[Start of section]

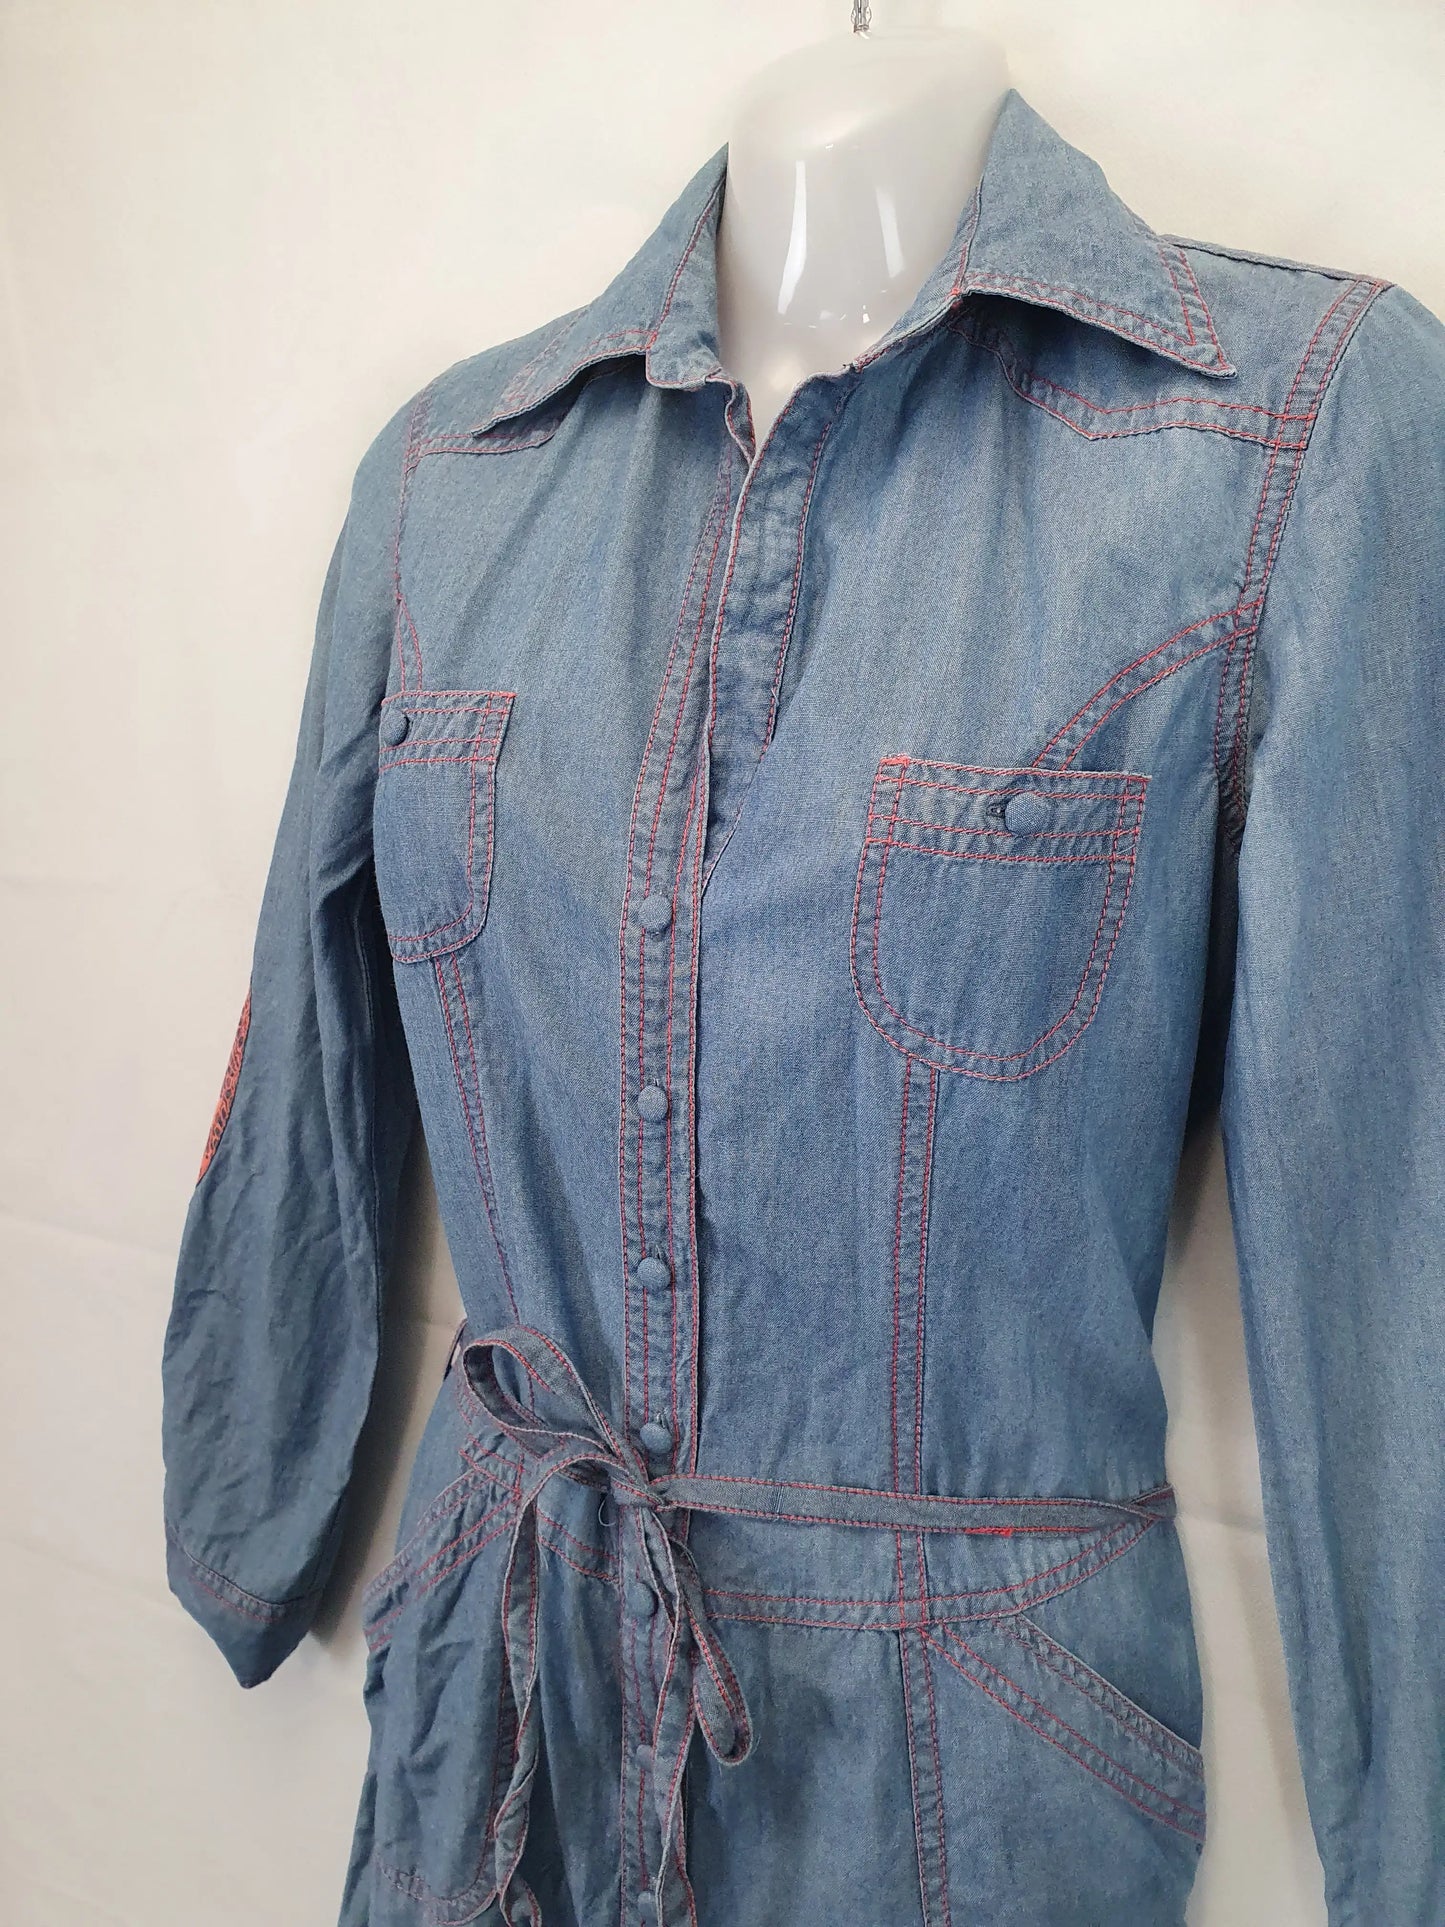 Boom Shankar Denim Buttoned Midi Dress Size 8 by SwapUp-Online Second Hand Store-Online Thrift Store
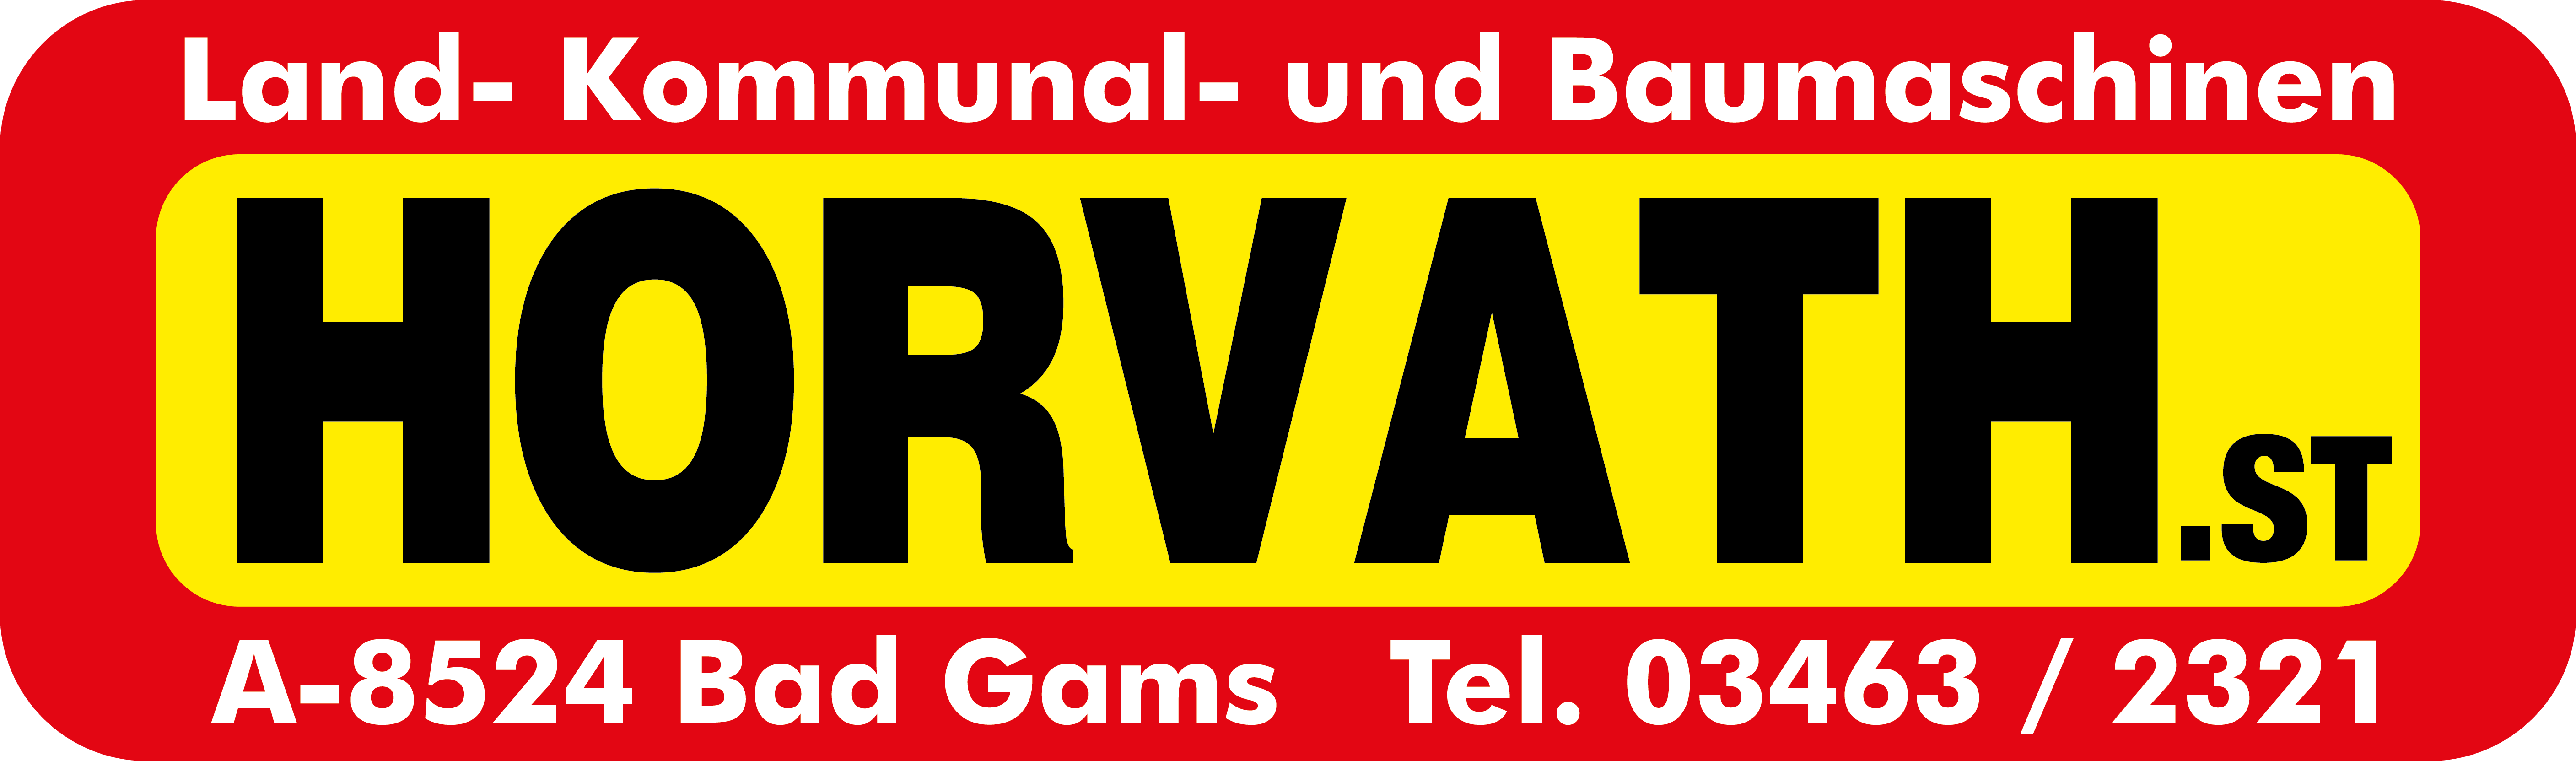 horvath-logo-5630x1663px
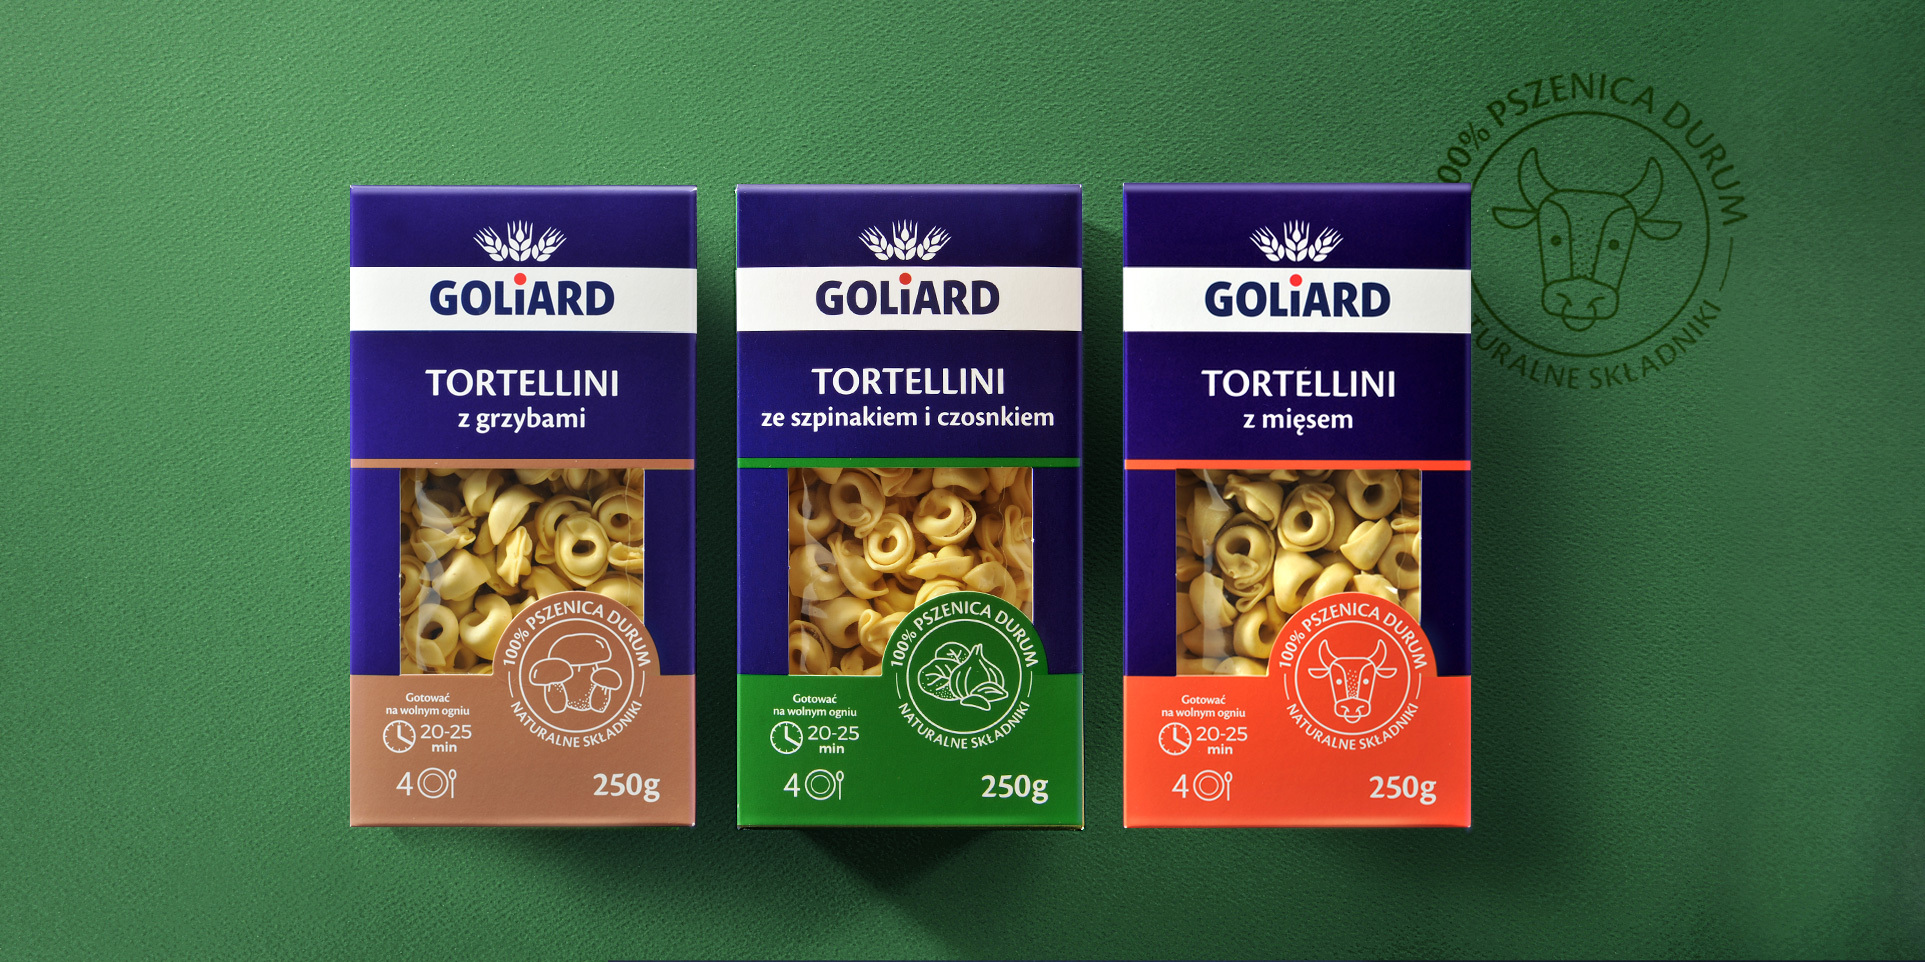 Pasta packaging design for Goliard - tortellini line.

[End of section]

> [YOUR INSTRUCTIONS] Where pictures appear, skip them and transcribe all other material word for word.

> [YOUR RESPONSE]
 Boom Shankar Denim Buttoned Midi Dress Size 8 by SwapUp-Online Second Hand Store-Online Thrift Store
 horvath-logo-5630x1663px
 Pasta packaging design for Goliard - tortellini line.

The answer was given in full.